檐下的青石板砖湿漉,雨水沿着石缝流淌,他被踢倒,半边身子都被脏水浸透。
谢青抓住他的头发,迫使他抬头:“你跟踪我。”
贺山凝身体被冻得瑟瑟发抖,清秀的脸却丝毫不露惧色,反而是近乎痴迷地盯着谢青,目光如附骨之蛆。他喃喃自语:“他该死,他该死。”
谢青把他甩回砖上,用一种极其厌恶的眼神看他:“你不配提他。”
贺山凝像是失了心智,重复碎碎念,双手扣在地上,突然,双目放光,贪婪地凝视谢青。谢青曾同饿犬关在一个笼子过,饿犬眼睛呈绿色,瞪着他流哈喇子,尽是对生命的贪欲,贺山凝的目光却比它还可怖几分。
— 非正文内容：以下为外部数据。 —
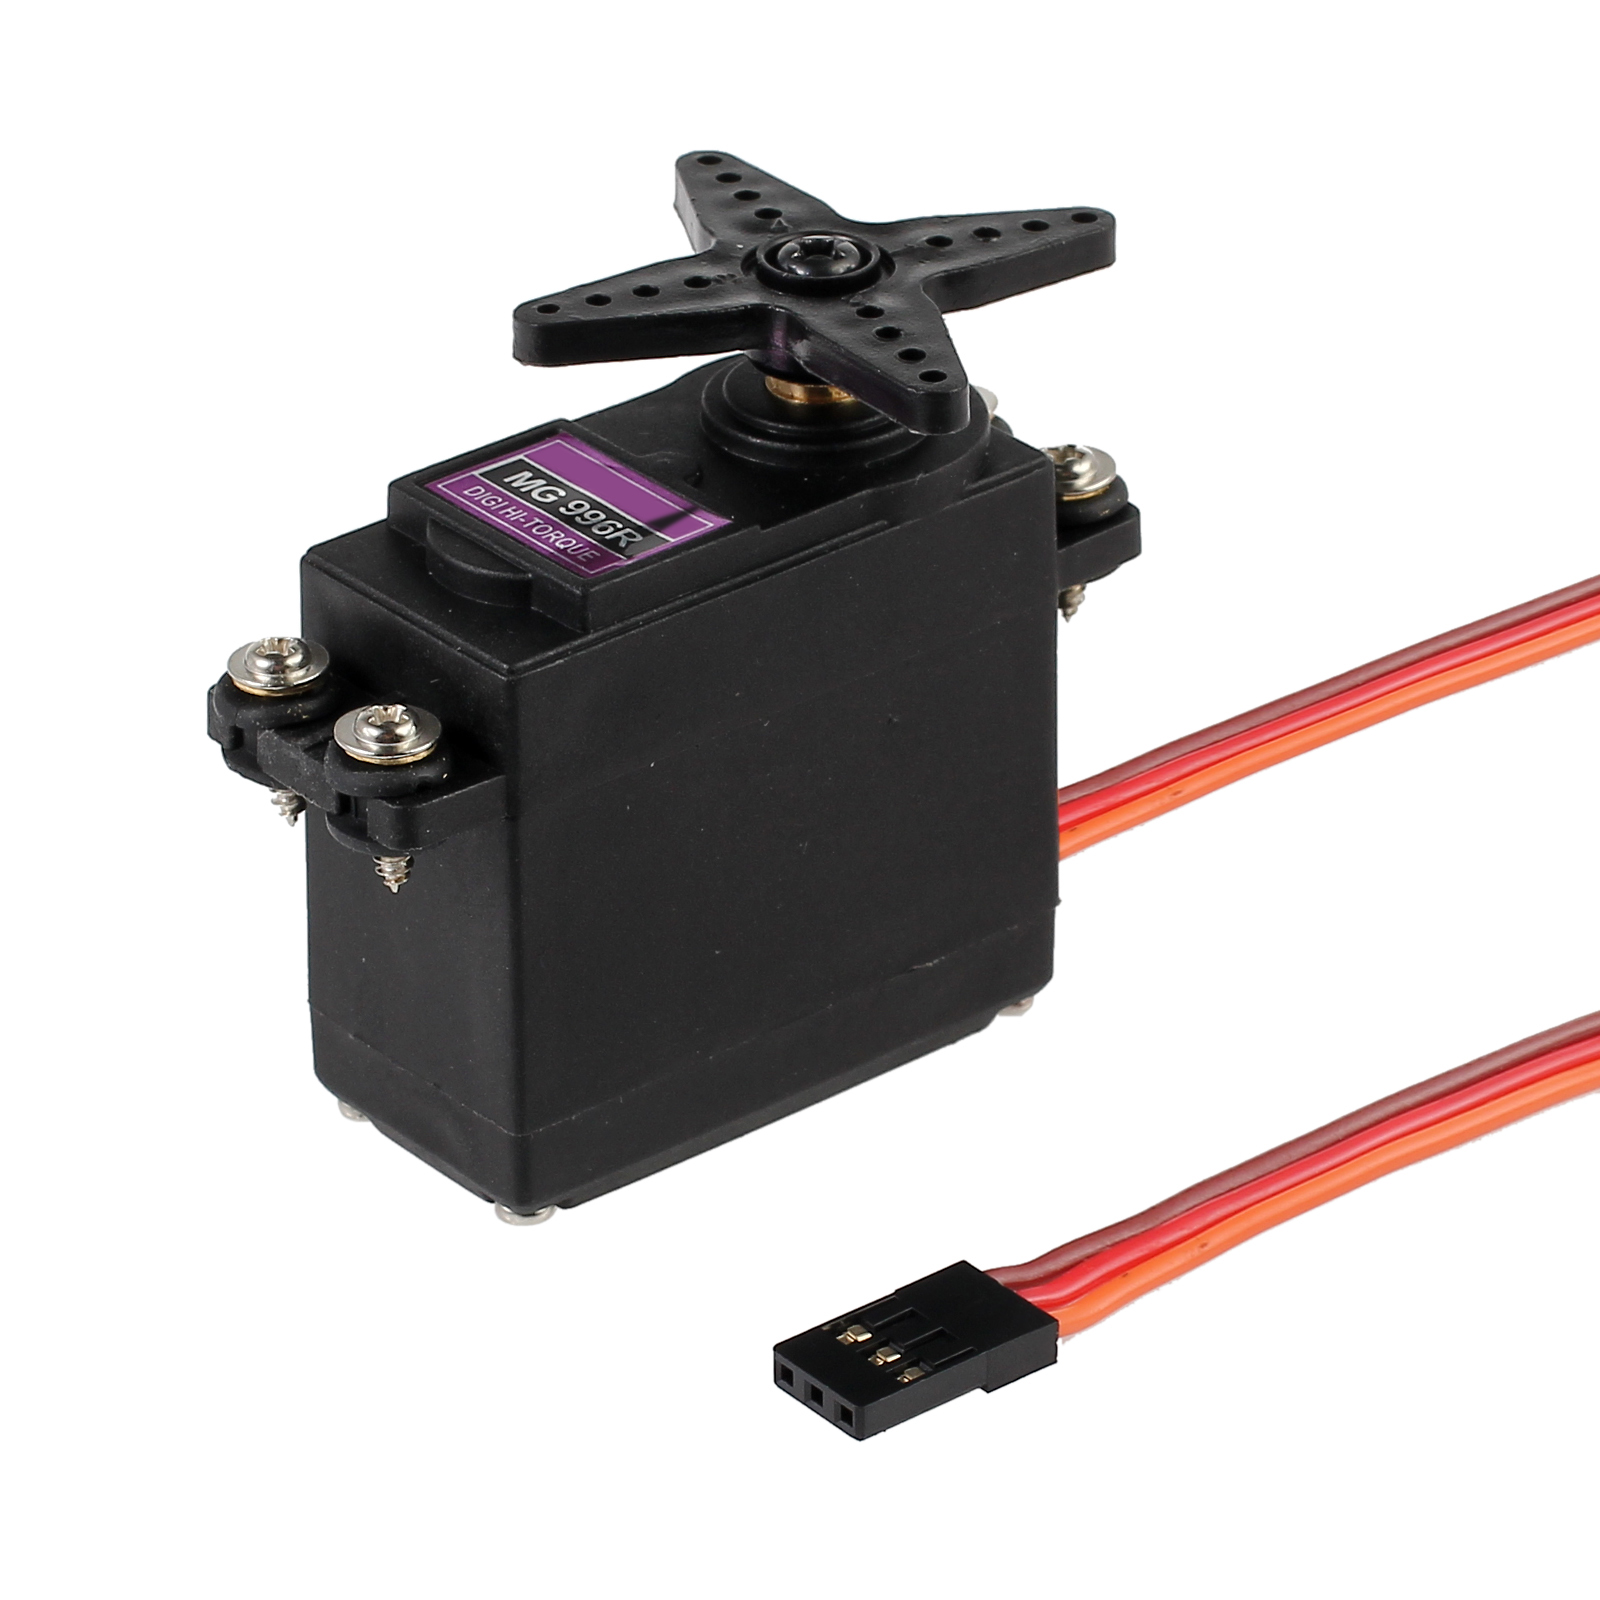 2Pcs Metal Gear MG996R Micro Servo Motor High Speed for RC Helicopter
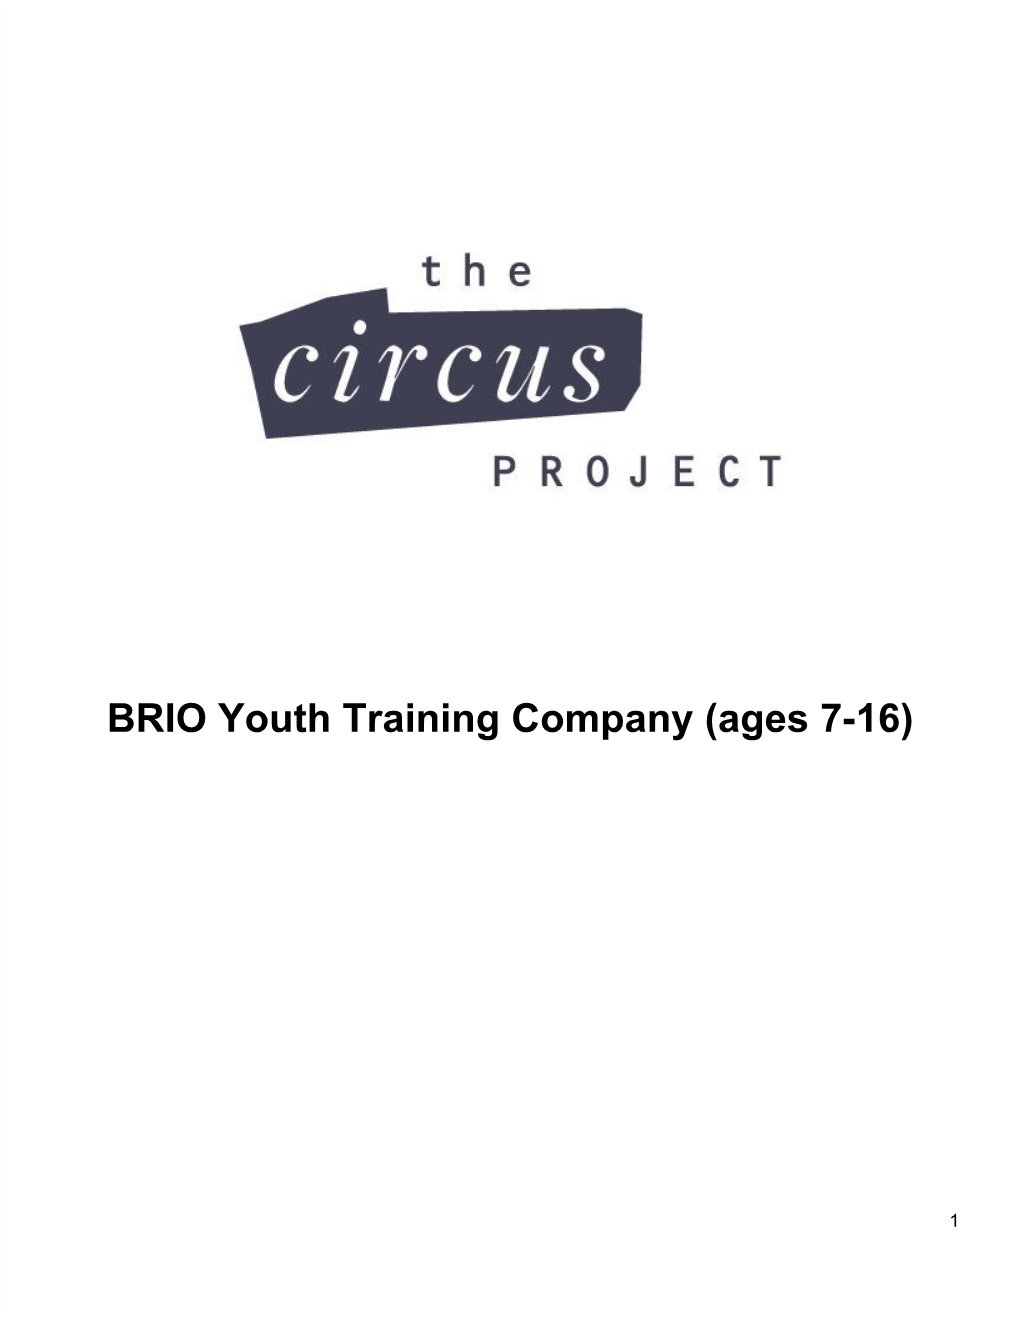 BRIO Youth Training Company (Ages 7-16)

他像只没有灵魂的木偶,声音卡顿:“他,把,你,弄,脏,了。”
谢青蹲下-身:“我刚刚已经说得很清楚了,你不准提他。”
贺山凝鼻子翕动,像疯了似的要往他身上闻,谢青给他腹部一拳,他上半身倒出檐外,倾盆大雨灌下来。
谢青很冷静:“勉和堂那夜是你第一次跟踪。”
贺山凝咧出一个诡异的笑,同斯文清秀的脸不搭:“对啊,看来你还是在乎我的。”
谢青恶寒,从来没遇到这样的疯子:“你疯了。”
贺山凝面色骤变,五官大合大张,扭曲得像鬼:“如果不是因为他,我怎么可能跟踪你?!”雨水呛进他鼻内,打断他的愤怒,他缓过气后陷入回忆:“每日能跟你在一个学屋,我就很知足,可是他却出现了,我每次看到你们走到一块时,都想手撕了他!”
“我知道你不喜欢别人窥视,但是阿青,我这是在保护你啊。”他的手伸向谢青,“那贱货长得一副浪荡样子,哪能配得上你?他日必有负于你,阿青,你听我劝,离开他。”
谢青眯眼,好像是笑了,凑近贺山凝,冷若神祗的面容令人慌神,他双手捏住贺山凝的下颌。
突如其来的接触让贺山凝心醉,不知足地往前嗅着,然而谢青却掐住他的下巴将他提起,他脖子好似要跟头分开,发出“咔咔”声响,还不等他感受脖颈的痛,脚就被人碾住,痛得他无暇思考脚趾骨有没有断,只想喊痛。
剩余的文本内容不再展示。